**Work task**
Please restate word for word the lines of the entries below from the one with "all sports wallpaper." to the one with "E-Web Heavy Blaster", inclusive, and leave out every picture.

**Data supplied**
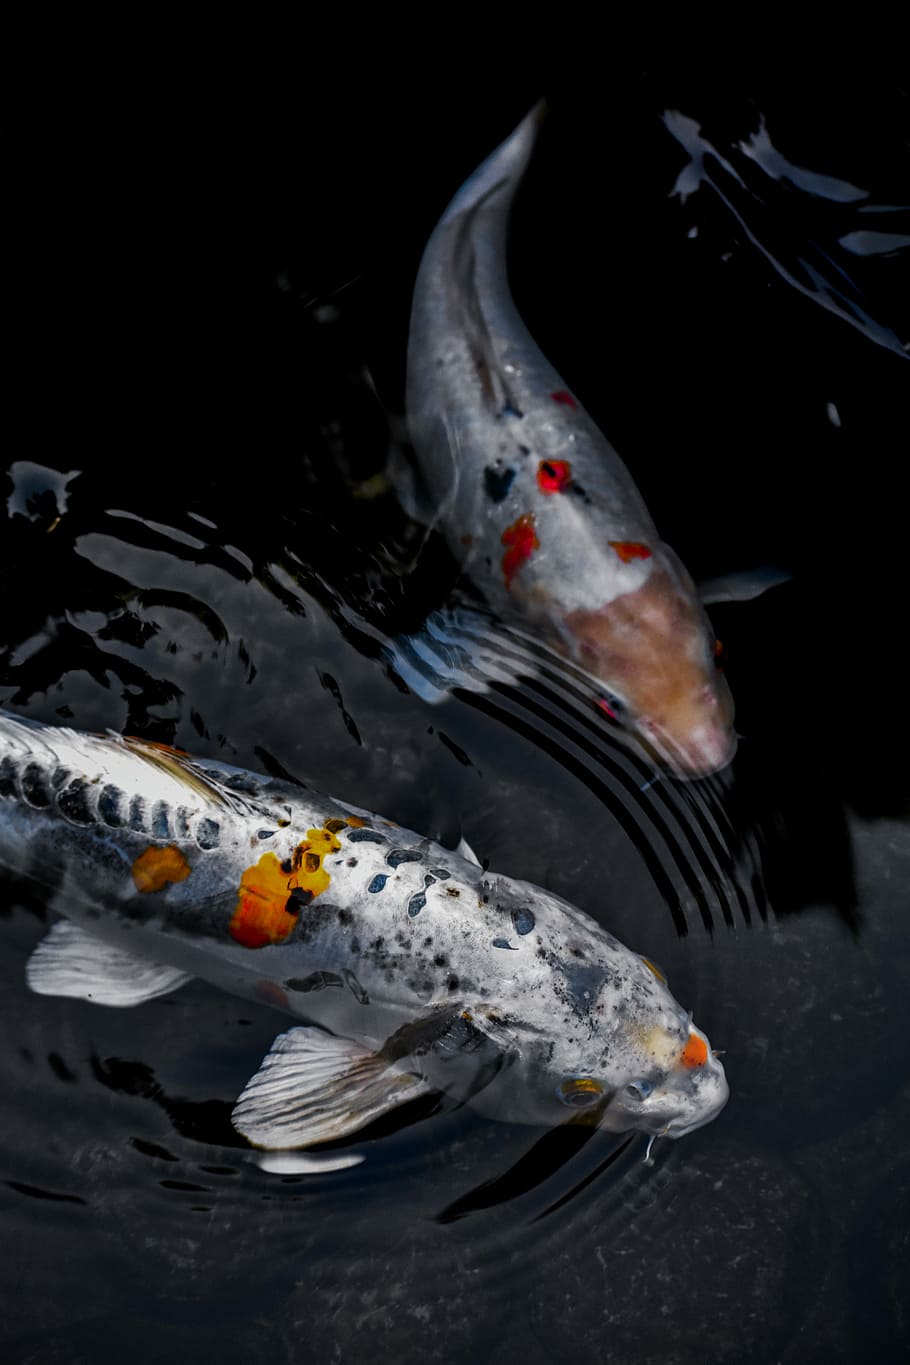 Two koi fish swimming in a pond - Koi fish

--

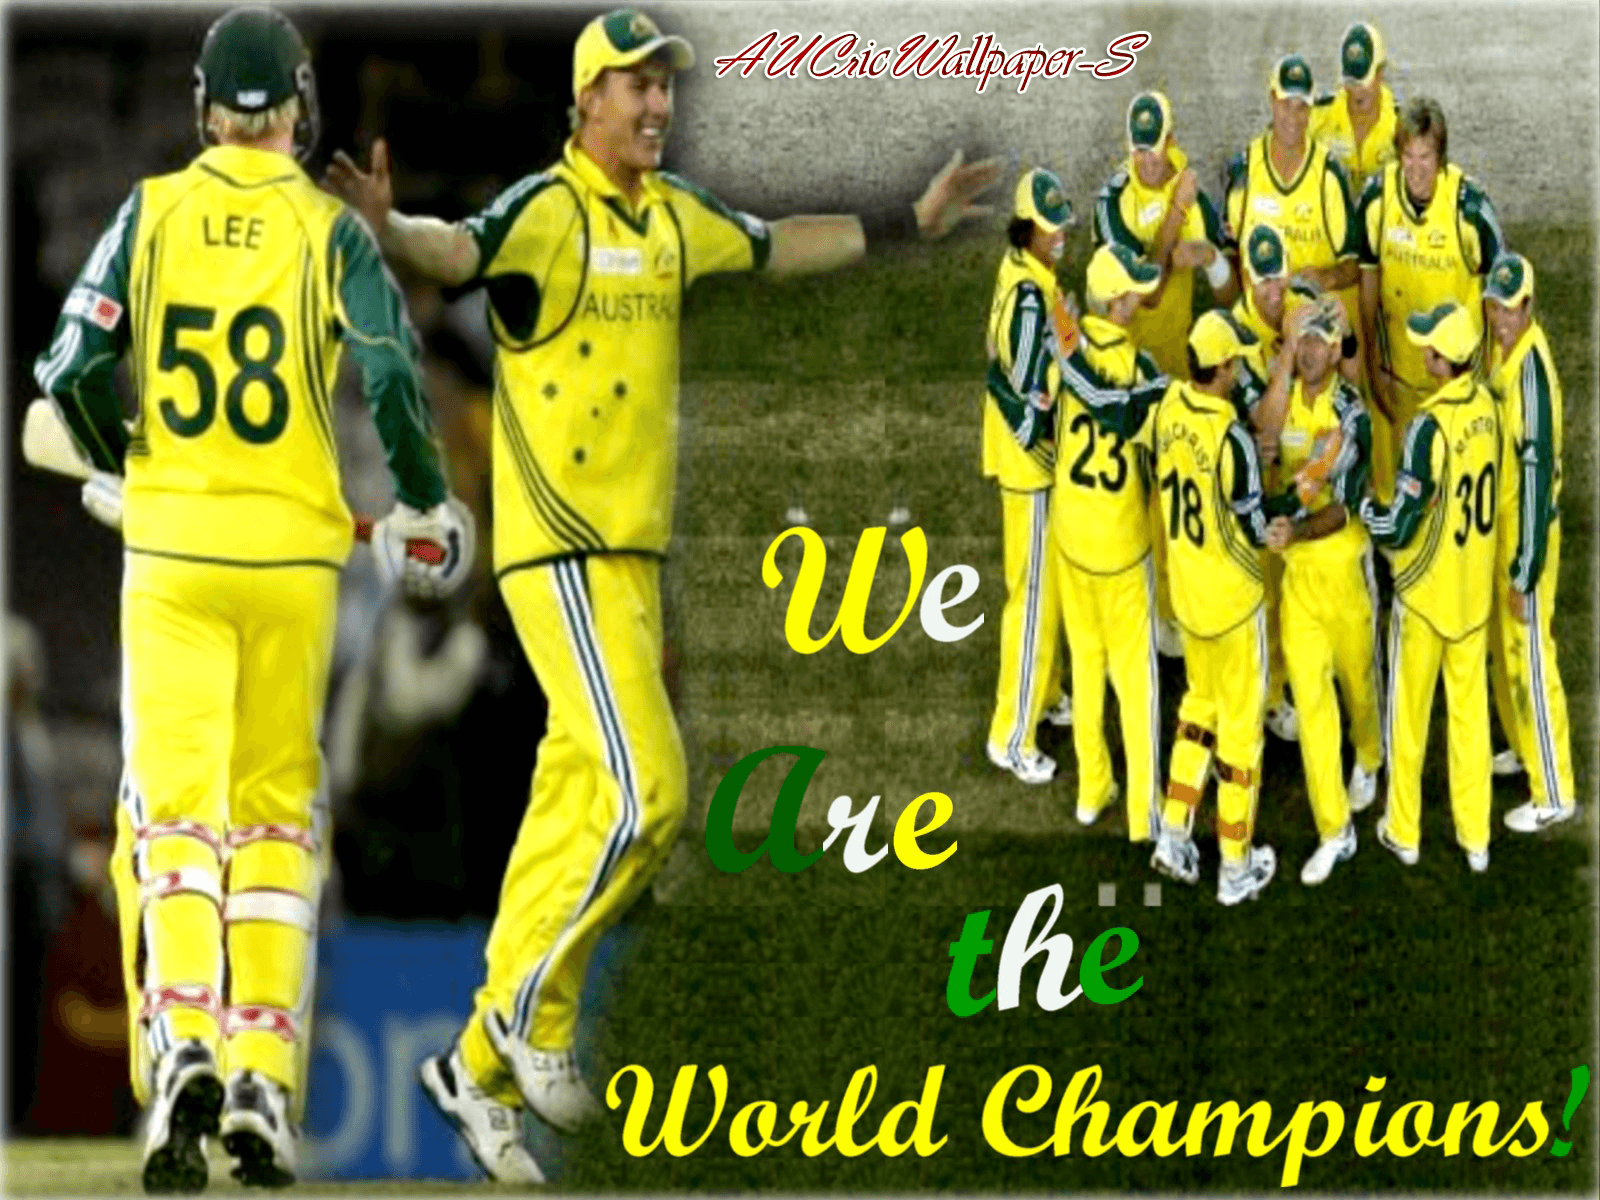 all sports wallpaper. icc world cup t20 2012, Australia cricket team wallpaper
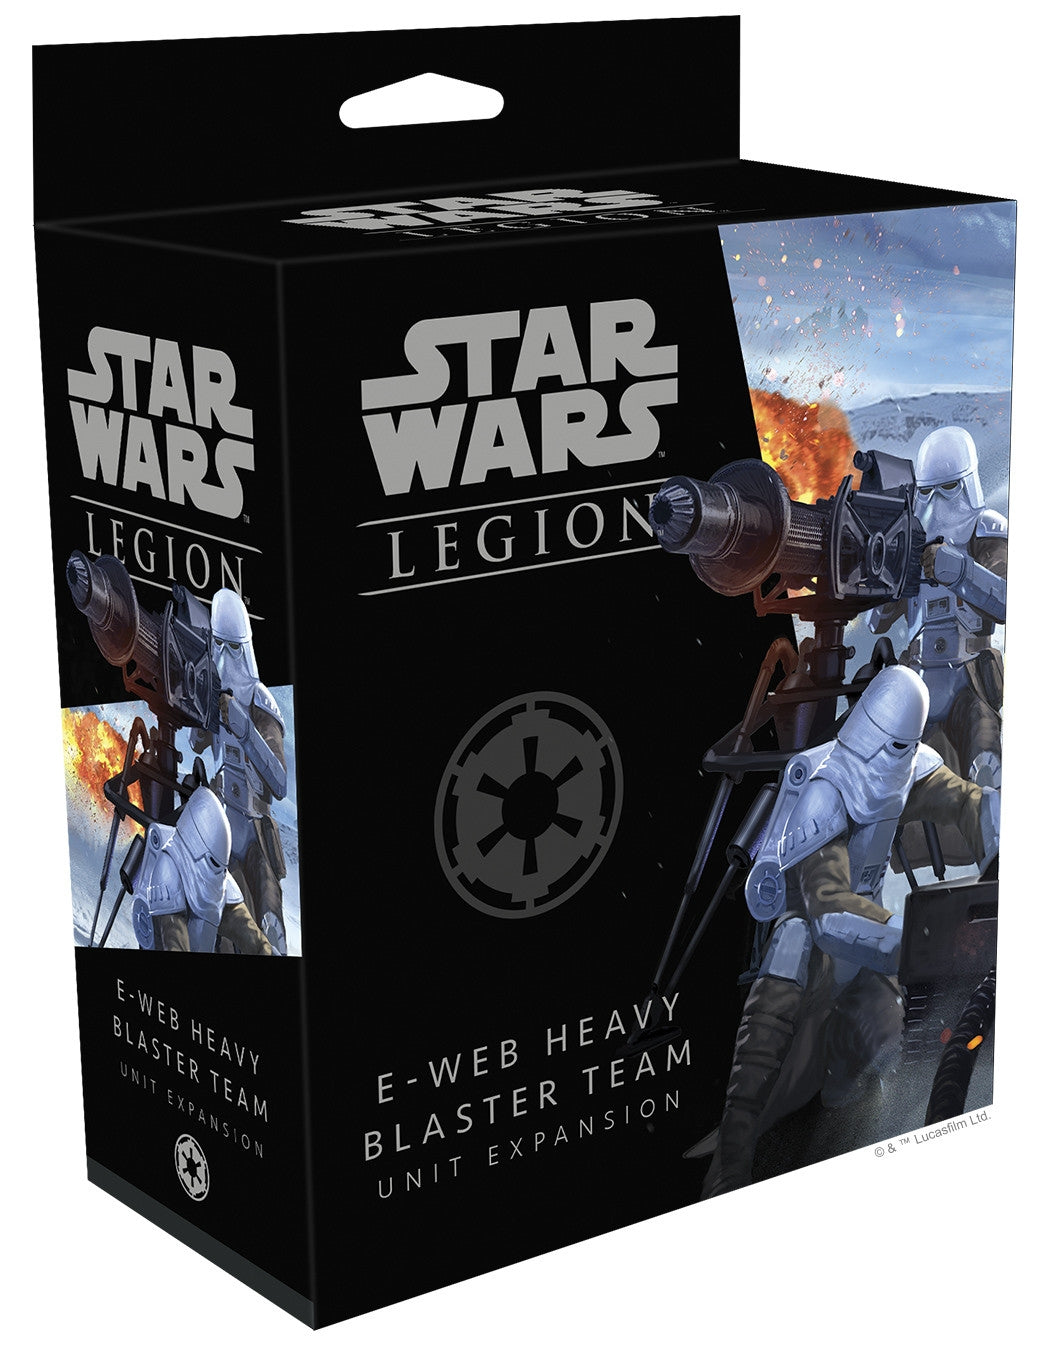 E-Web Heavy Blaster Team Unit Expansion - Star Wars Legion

...

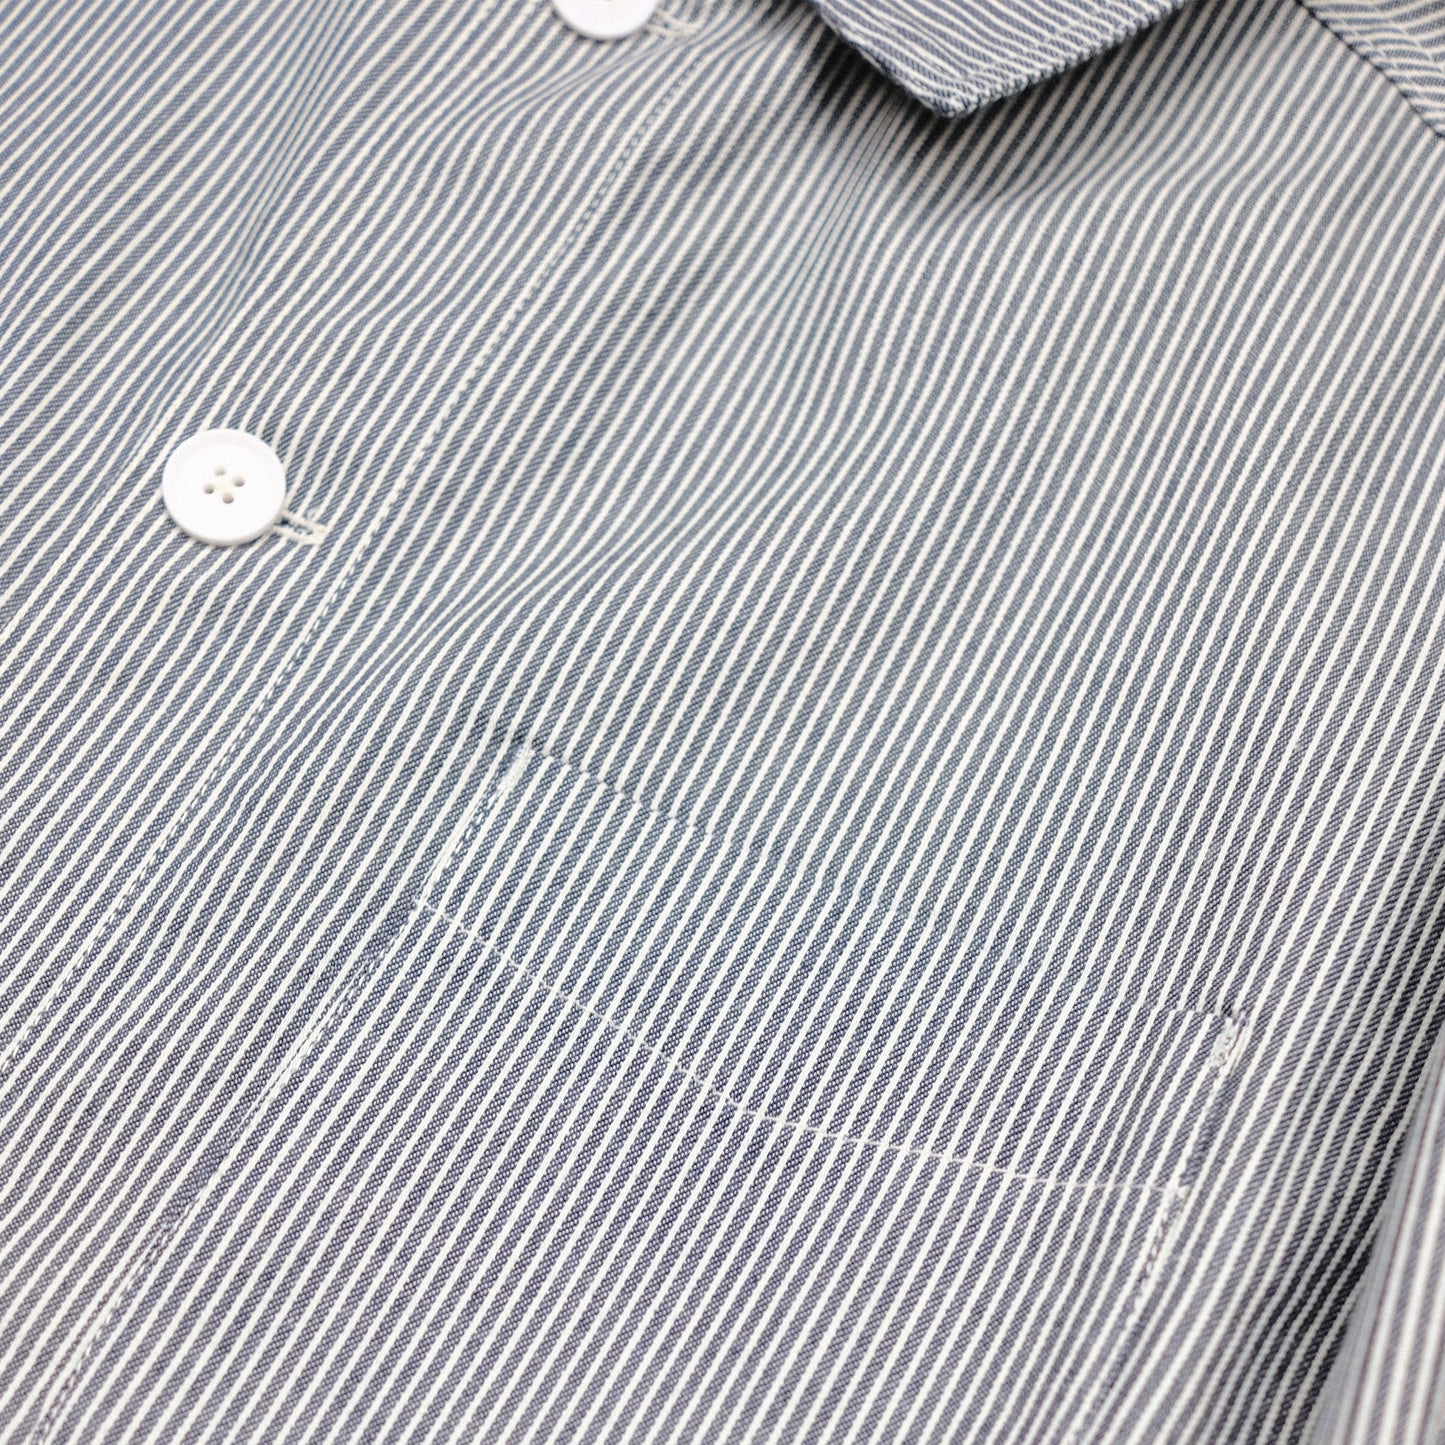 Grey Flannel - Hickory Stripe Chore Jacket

**Solution to this problem**
 all sports wallpaper. icc world cup t20 2012, Australia cricket team wallpaper
 E-Web Heavy Blaster Team Unit Expansion - Star Wars Legion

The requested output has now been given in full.